The video highlights the release of DeepSeek-R1 V2, an open-source AI model that shows significant performance improvements over its predecessor, including better accuracy, usability, and new features like JSON support and function calling. Additionally, Deepc has developed a smaller, efficient distilled model called post-train 3AB, which achieves top results among open-source models on the AME 2024 benchmark, both available for download and testing.
The video provides an update on the release of DeepSeek-R1 V2, an open-source state-of-the-art AI model announced by Deepc on May 29th. Although they described it as a minor upgrade, the official benchmarks and performance metrics suggest significant improvements over the previous version. The weights for R1 V2 were published a day before the announcement, allowing third-party evaluators to assess its capabilities. The update emphasizes enhancements in front-end functionalities, reduced hallucinations, and new support for JSON output and function calling, marking notable advancements in usability and reliability.
Performance benchmarks reveal that R1 V2 has approximately a 20% performance increase compared to R1 V1. In competitive evaluations, R1 V2 now outperforms the Gemini Pro0506 model about half the time and is only slightly behind OpenAI’s GPT-3.5-based models like GPT-3.0. Its Ader leaderboard score aligns closely with Claude 4, despite being an open-weight model released just recently. These results demonstrate that R1 V2 is rapidly establishing itself as a top contender among open-source models, rivaling some of the most advanced proprietary models.

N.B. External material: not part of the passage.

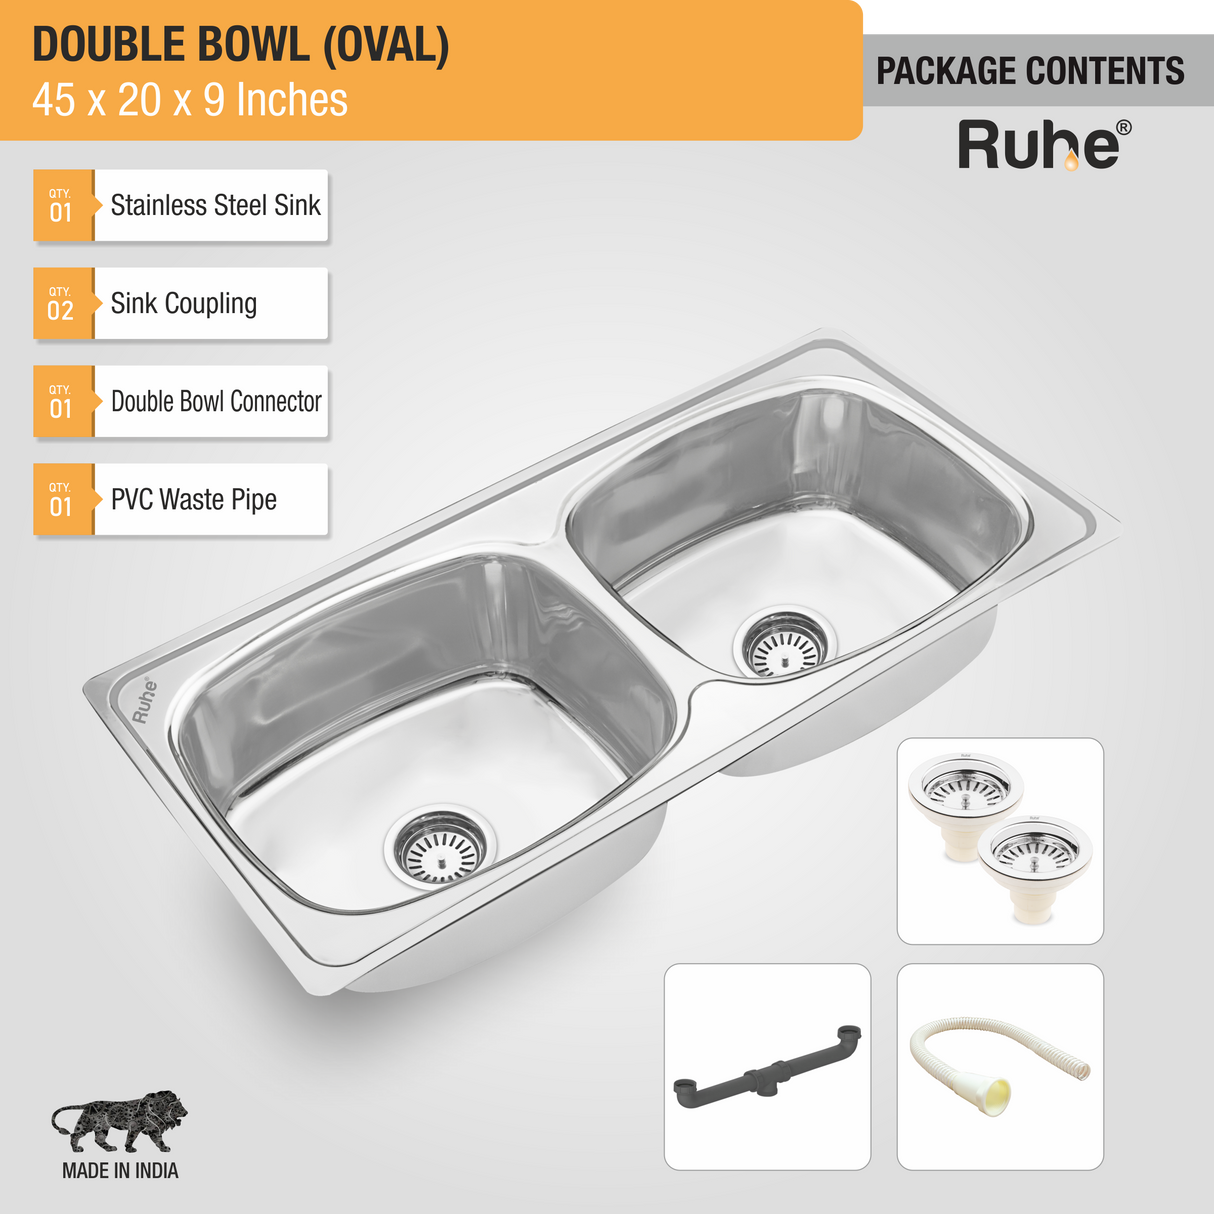 Oval Double Bowl Premium Stainless Steel (45 x 20 x 9 inches) Kitchen Sink with sink coupling, double bowl connector, waste pipe

Third-party benchmarks further highlight R1 V2’s strengths and weaknesses. It ranks as the third-best model on the EQbench for creative writing, just behind OpenAI’s GPT-4 and GPT-4 Mini, although it performs worse than its predecessor R1 and the SV30324 model in this area. For general toy use, it performs better than Gemini 2.5 Pro on certain tests but still lags behind models like Clock for NGBT40. Its coding and scientific reasoning abilities have improved but remain inconsistent, with some outputs appearing strange or questionable, indicating room for further refinement.
The model shows a preference for structured outputs, such as nested bullet points, similar to Gemini, but tends to generate fewer paragraphs, resembling GPT-3. Its reasoning process, while decent on logical questions, can sometimes be questionable. Despite these limitations, R1 V2 maintains respectable performance across various tasks. The generation speed remains slow on the official website, and there is no indication that the context window size has increased, which could impact its usability for longer interactions.
Finally, Deepc has distilled a train-of-thought reasoning process from R1 V2 into a smaller, more efficient model called post-train 3AB. This distilled model achieves state-of-the-art results among open-source models on the AME 2024 benchmark, surpassing Quinn 3AB by 10% and matching the performance of Quen 3 235B thinking. Although it still lags in coding and scientific accuracy, this represents a significant performance boost for an AB model. Both the original and distilled models are available for download on Hugging Face, and users can try R1 V2 on Deepc’s official website.